Some time that morning, while writing an item for this blog, my anti-viral alerted me, three times, to the entry of a virus. I wasn't using e-mail. It was just coming in, and it was bringing friends. (Picture by John Blankenhorn.)

Delete, delete, delete, I ordered. Would you like to add some more security software? Yes, uh NO! That pop-up wasn't from my anti-viral. I scrambled to shut down my work but it was too late. You can't turn off a PC like you would a TV, not if you want to save your work and a normal start-up later.

Running a PC these days means having a ton of software, in memory, at the ready. Not just anti-virals, but anti-spyware programs, utilities to clean your registry if malware attacks, and quick start-ups for a host of other stuff Microsoft or its ecosystem insist you have.

Got kids? Multiply that load by the number of PCs in your house. We've got seven, for four people. Oh, and a network to manage as well.

As I sat later in a coffee shop, waiting for my netbook to load its stuff while my desktop sat at home running a thorough virus scan, I thought there has to be a better way.
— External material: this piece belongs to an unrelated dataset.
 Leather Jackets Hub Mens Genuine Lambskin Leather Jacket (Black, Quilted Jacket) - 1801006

There is. Or there are. Simpler clients, based on Linux, and clouds will give all the complexity to professionals, along with the headaches.

Or will they?

Google leads in driving this vision. Unfortunately as of now it's just that, a vision. (Picture by Ed Glantz, a computing professor at Penn State and author of the blog Wicked IS.)
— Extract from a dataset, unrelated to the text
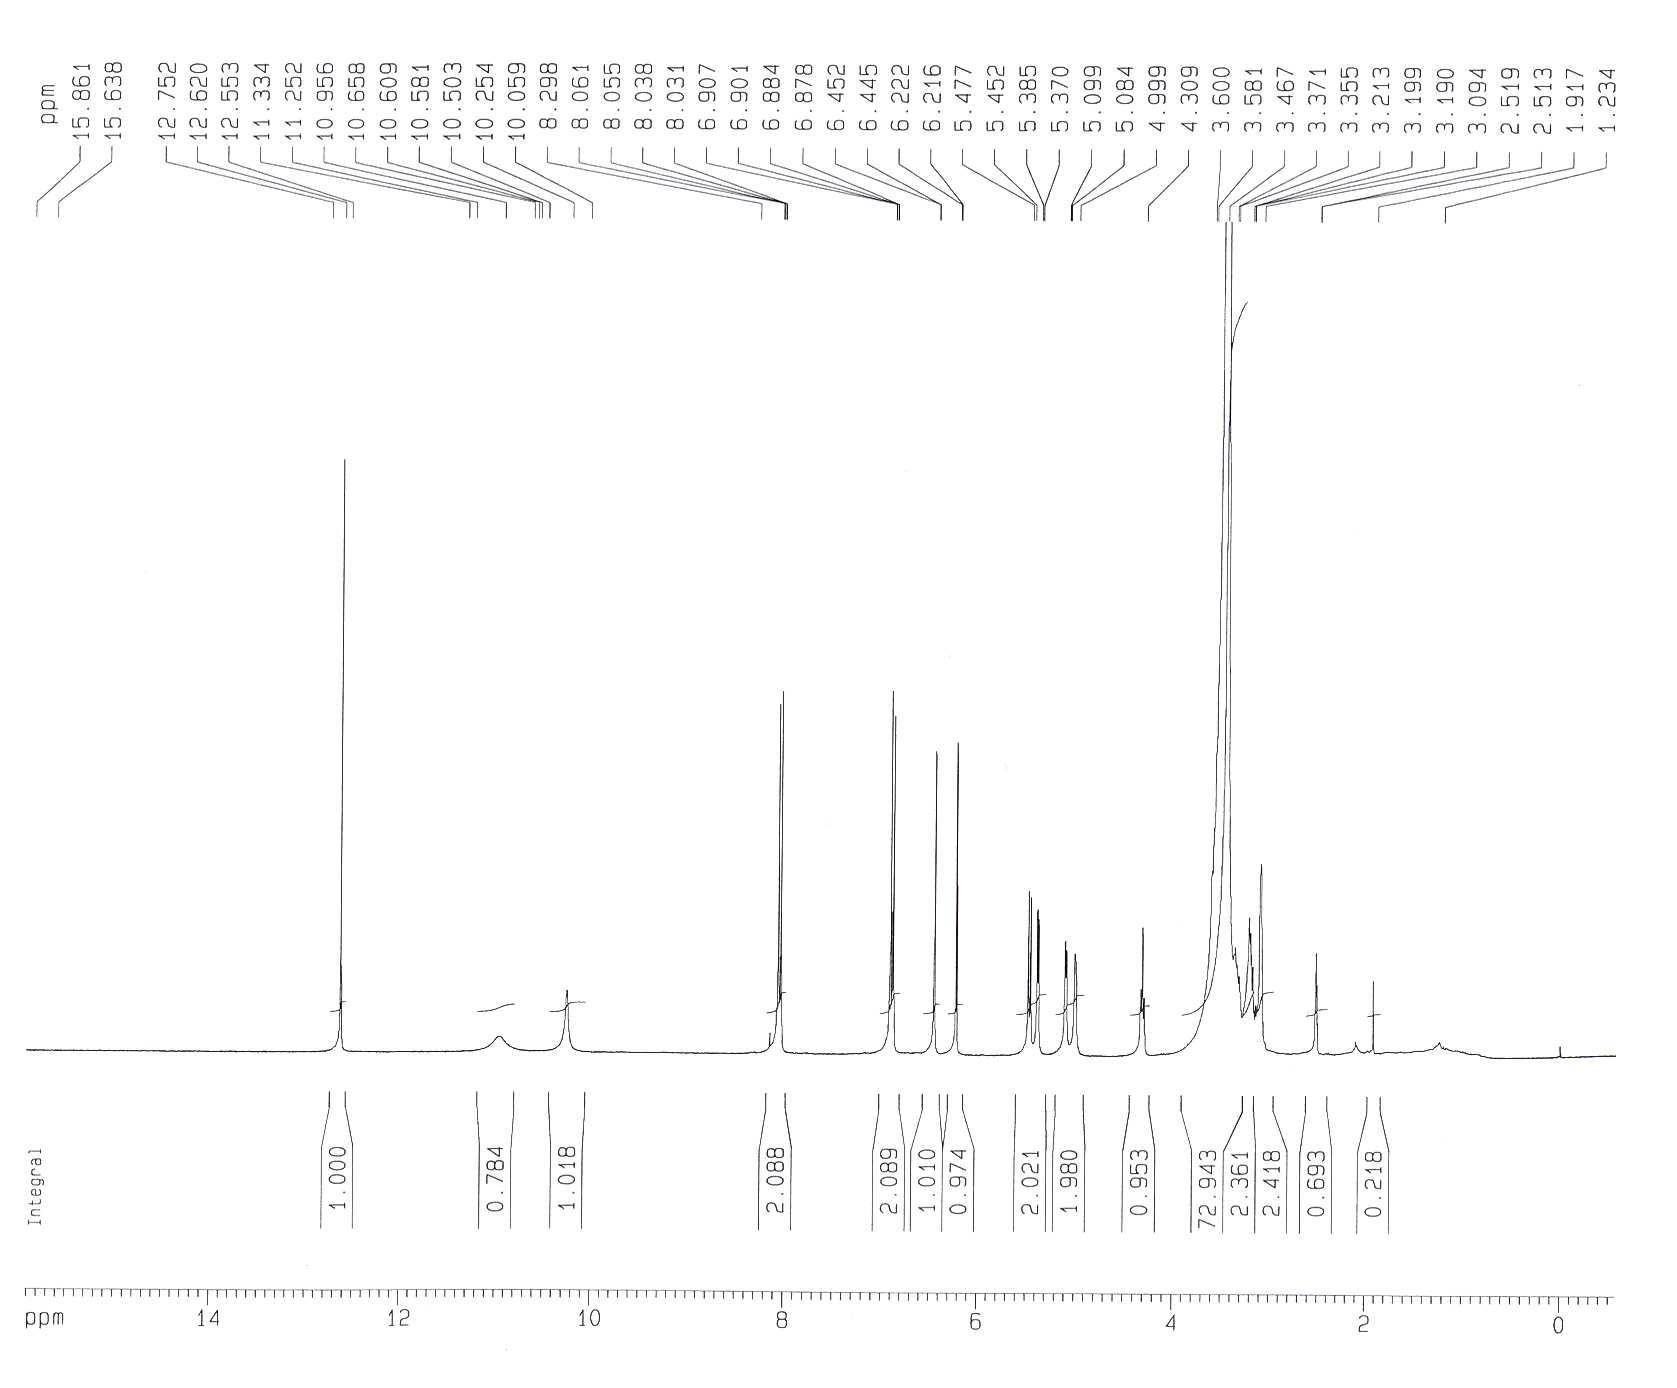 1H-NMR Spectrum of Compound 2(DMSO-d6, 300 MHz)

Google is just starting to sell Linux clients, starting with Android phones but extending soon to Chrome OS-based netbooks and laptops.  The cloud services it charges for are business services, a toolset with which enterprises can created hosted applications.

There are cloud services you can get. You can get desktop applications from Zoho, you can buy backup services from Carbonite. Google offers a lot of client services free for the price of future advertising – e-mail, desktop utilities, the Google Reader for RSS feeds. But we're far from a total solution here.

And then there's the problem of distribution.

Microsoft has solved this problem. Last year I reviewed some interesting Linux netbooks. I traveled to Taiwan in June to see more. There was no more to see. All the OEMs had switched to Windows. I asked about this at a press conference (right), and got a verbal shrug. We would love an alternative, I was told, but there is a price lower than free.

There is, indeed, a price lower than free. Successful vendors give their channels advertising, in-store collateral, and software support needed to get a product into the home. Since you don't pay for a Linux distro like Ubuntu, that company has no money to support a channel.

You no doubt guessed my personal story has a happy ending. The netbook finally booted, half a cup of coffee later. After running anti-virals overnight, I finally just did a system restore on my desktop, taking it back a week in time. It's happy again.